▶ [The problem] Retype the lines of the material below, exactly and only, from the one containing "Predator FR7-W Helmet" through the last line, with pictures left out.

▶ [Collected material]
[Start of Attachment]

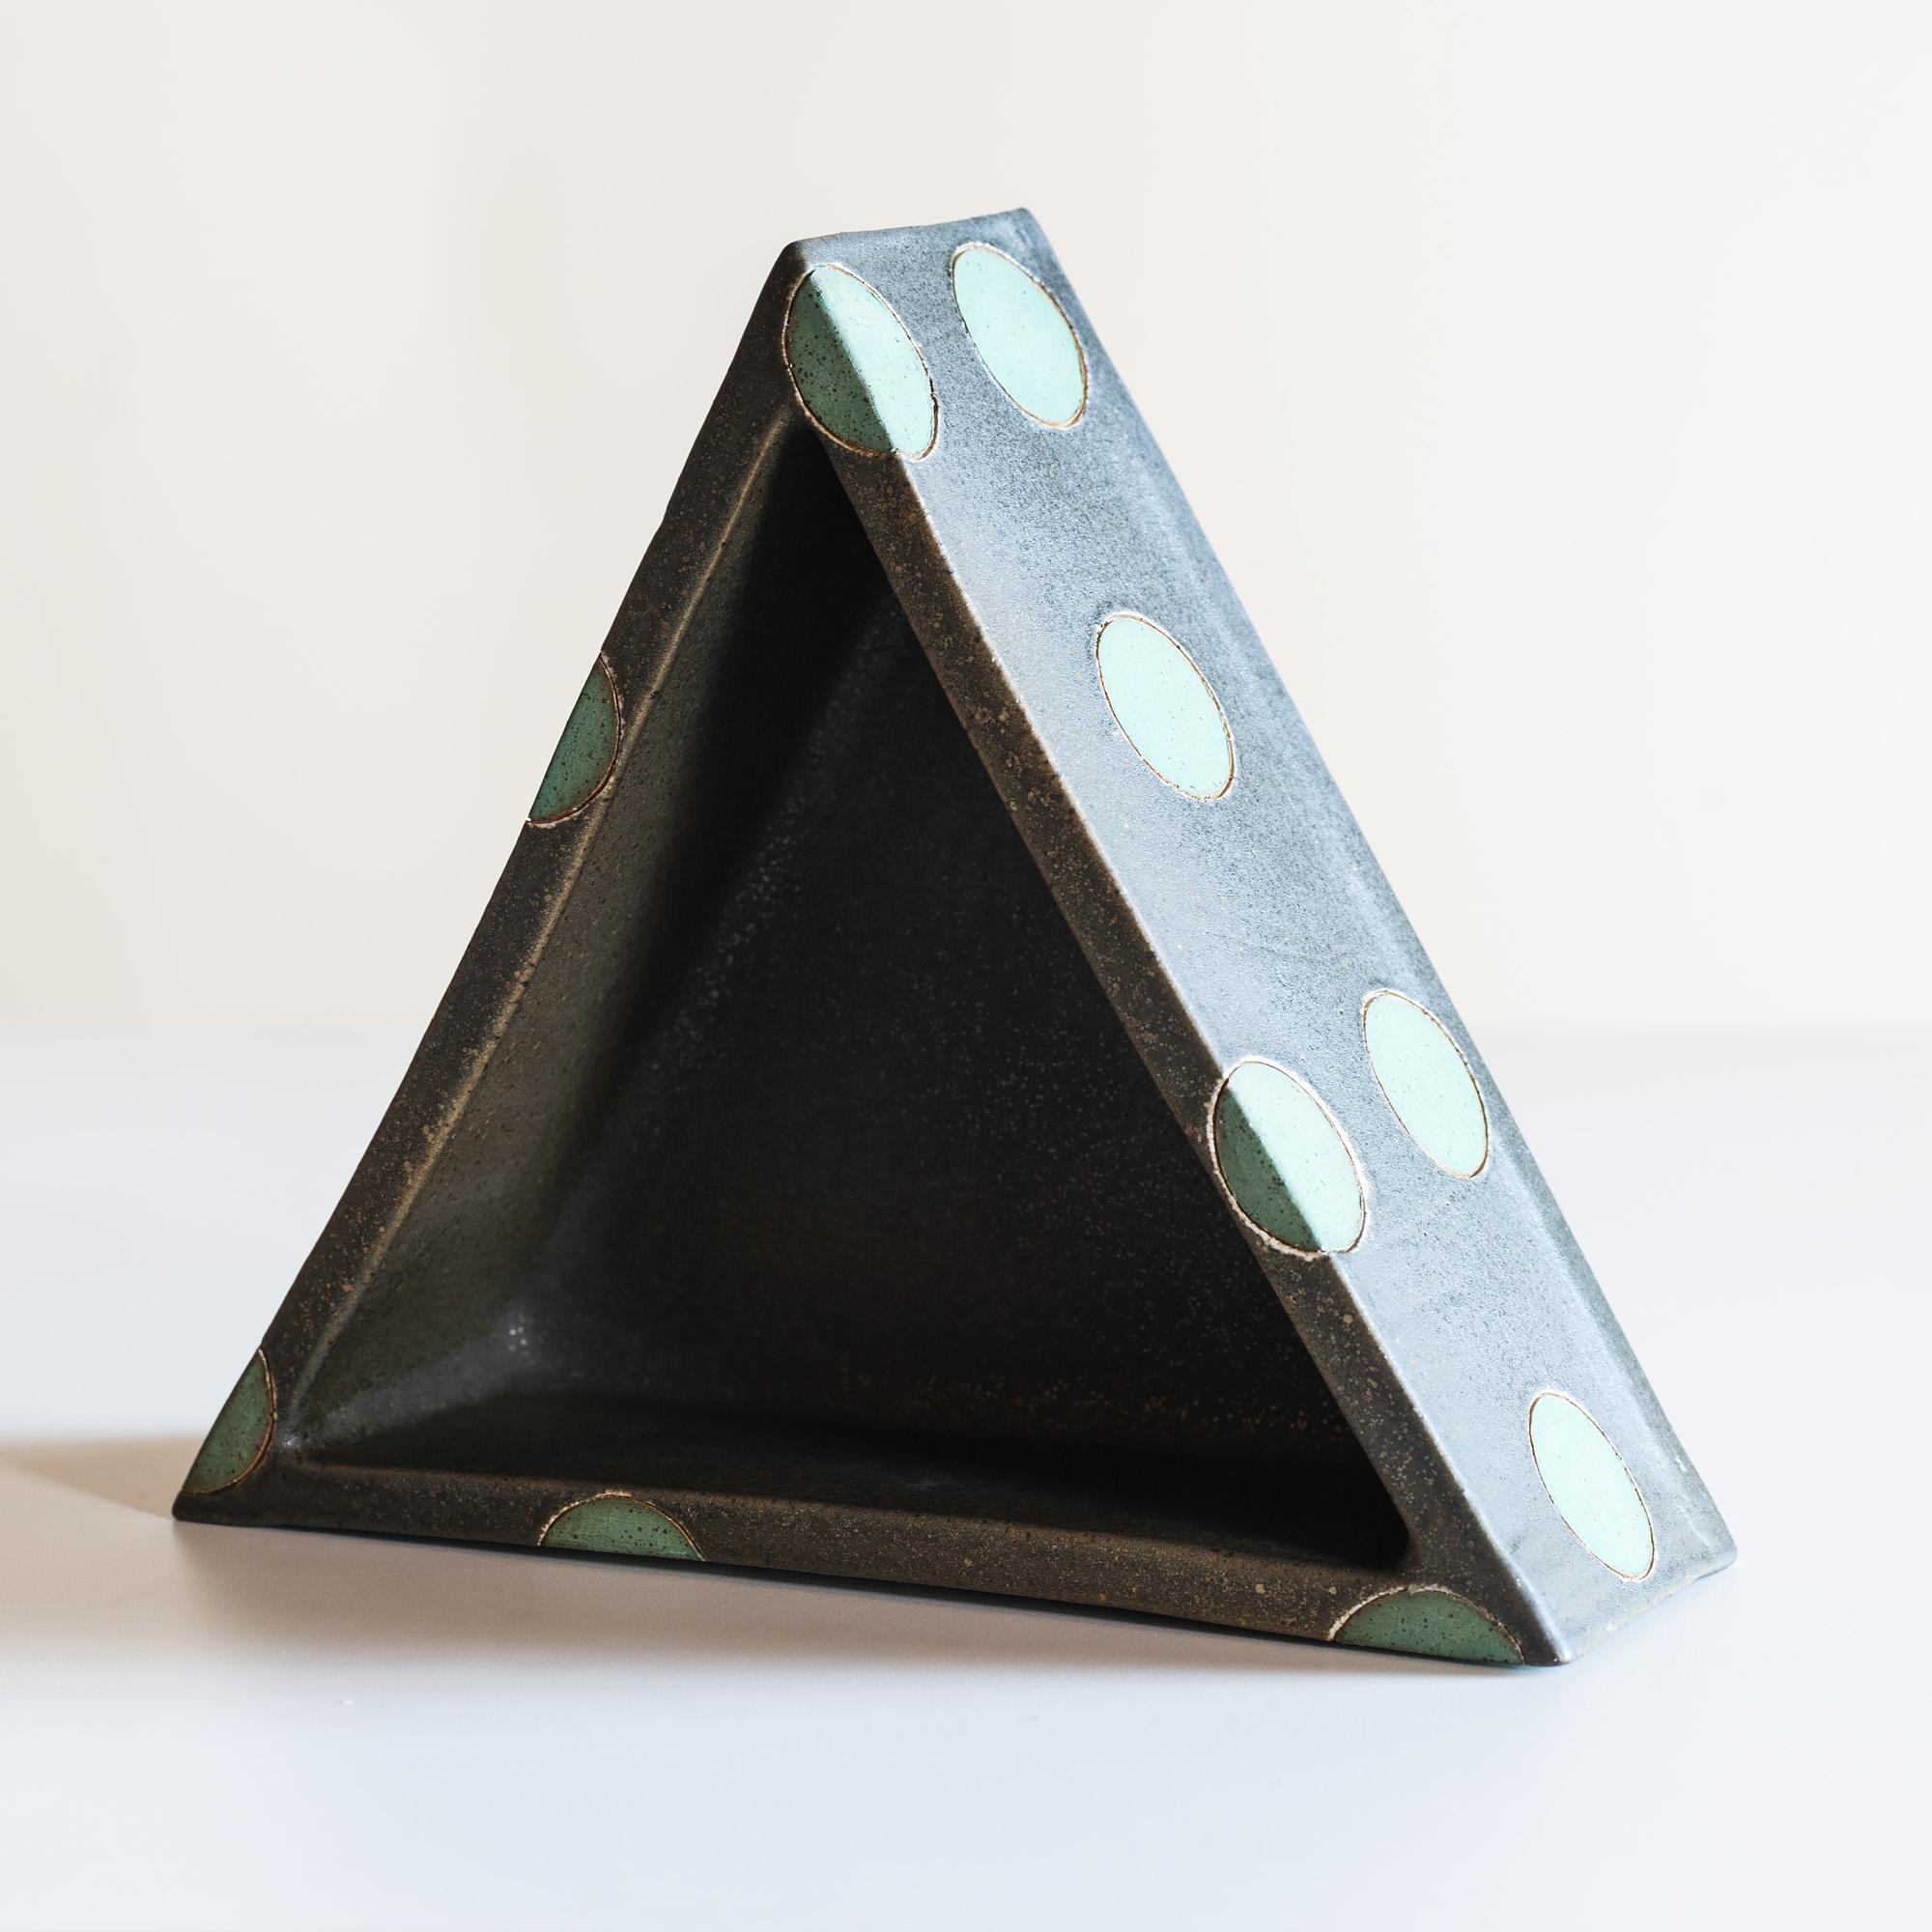 Contemporary Elemental Triangular Polka Dot Vessel by Matthew Ward, New Mexico, 2019
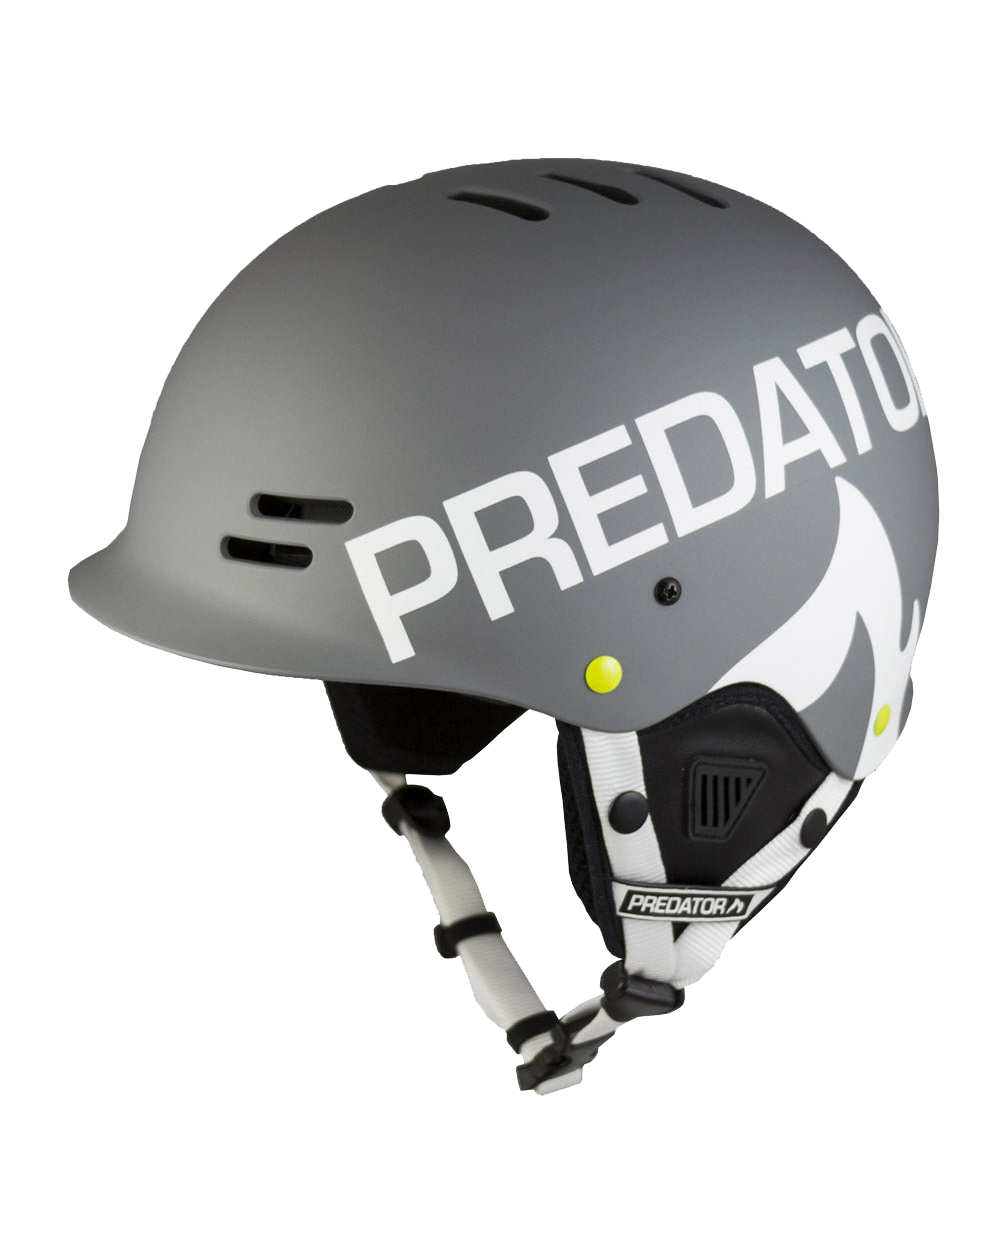 Predator FR7-W Helmet
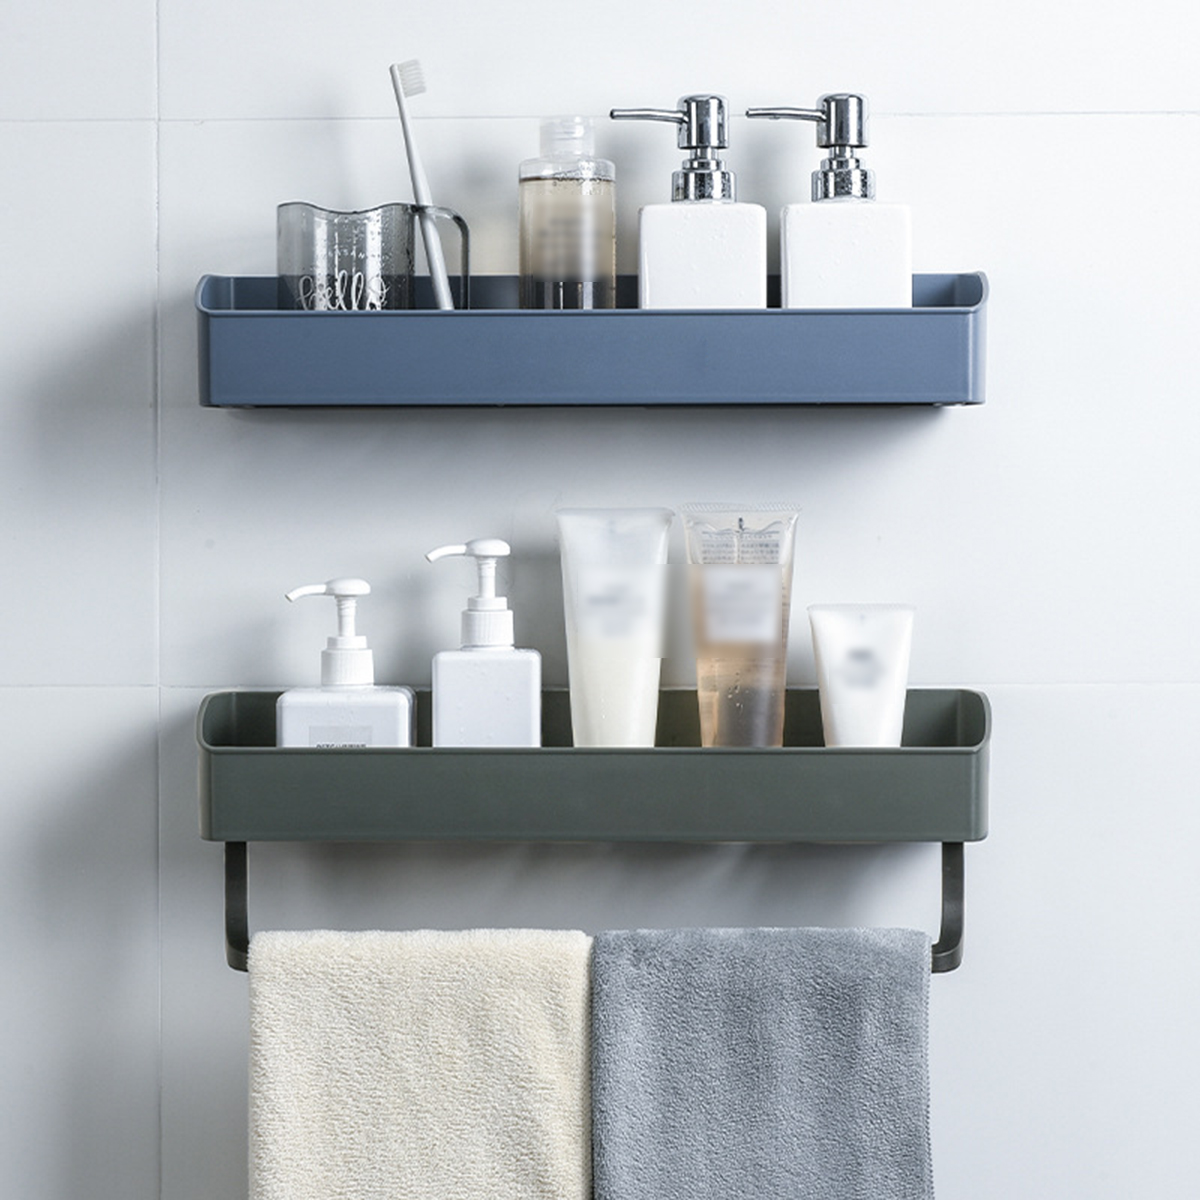 Bathroom-Wall-Mounted-Kitchen-Storage-Rack-Towel-Shelf-Organizer-Shower-Shampoo-Holder-1663521-7

[End of Attachment]

▶ [Task answer]
 Predator FR7-W Helmet
 Bathroom-Wall-Mounted-Kitchen-Storage-Rack-Towel-Shelf-Organizer-Shower-Shampoo-Holder-1663521-7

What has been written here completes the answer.